In fact it was an experience somewhat like deja-vous (spelling?) while reading it.
While I was going through high school I met two brothers whose father forced them to drink ox-blood frequently .... or so the entire student body believed.
These brothers were big and mean and great athletes but kept to themselves and were respected by all.
And I wanted to be just like them.
But I didn't want to drink ox-blood!
So one day I passed a small aand strange looking store in downtown San Francisco and looked through the window and saw strange looking stuff that I had never seen in a grocery store and built up enough nerve to go inside and ask the person behind the counter, "What can I buy in here that will make me big and stronger?"
And this old geezer got off his rocker and took me to the refrigerator and handed me a glass jar of something called "Yogurt" and on our way back to the cash register he also placed a dark brown bottle of something called "wheat germ oil" in my empty hand.
And I gave him a five dollar bill and he gave me change and said, "When you're done with that, come back for more and you'll get bigger and stronger in no time at all!"
So for the next year or so I was a regular customer, always searching the shelves for something new to make me bigger and stronger, but only leaving that little store with my monthly supply of unflavored yogurt and my brown bottle of wheat germ oil,
And back then that was the only stuff on what is now called the Health Food Store shelves that coild make you bigger and stronger without mentioning it even once on the label.
In fact there was not one product in that store that displayed the word 'Muscle" or made any mention of strength increases.
The snake oil salesmen had been run out of town many years earlier and apparently .... no one wanted them to return. (But .... how soon we forget!)

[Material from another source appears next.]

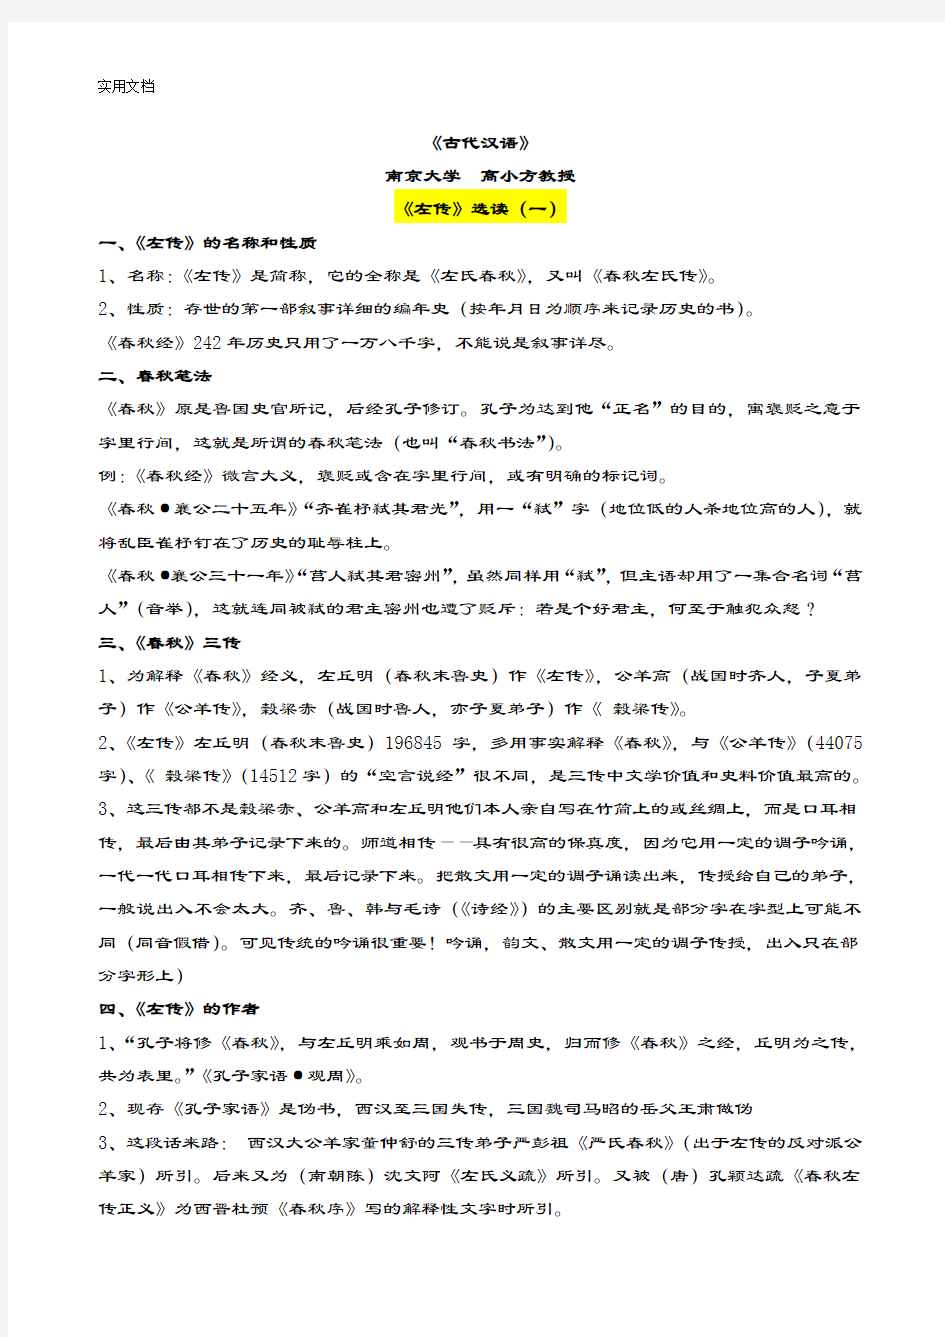 古代汉语《左传》选读(南京大学高小方)

That little health food store was mainly interested in selling cures for diarreha and constipation, flat feet, migrane headaches, and Pepto Bismo -like stuff for hangovers and upset stomachs.
And as dumb as it may seem, that was the beginning of health food stores west of the Mississippi.
And if you wanted ox-blood you'd have to look elsewhere.
Things were so much different then.
A gym was something that had basketballs in it.
And any gym with weights inside had a pile of untouched plates and bars in the far-off, unlit corner.
But there were a few eccentrics who enjoyed the company of other men in an attempt to determine who was stronger, and even greater eccentrics who wanted to prove that they were bigger.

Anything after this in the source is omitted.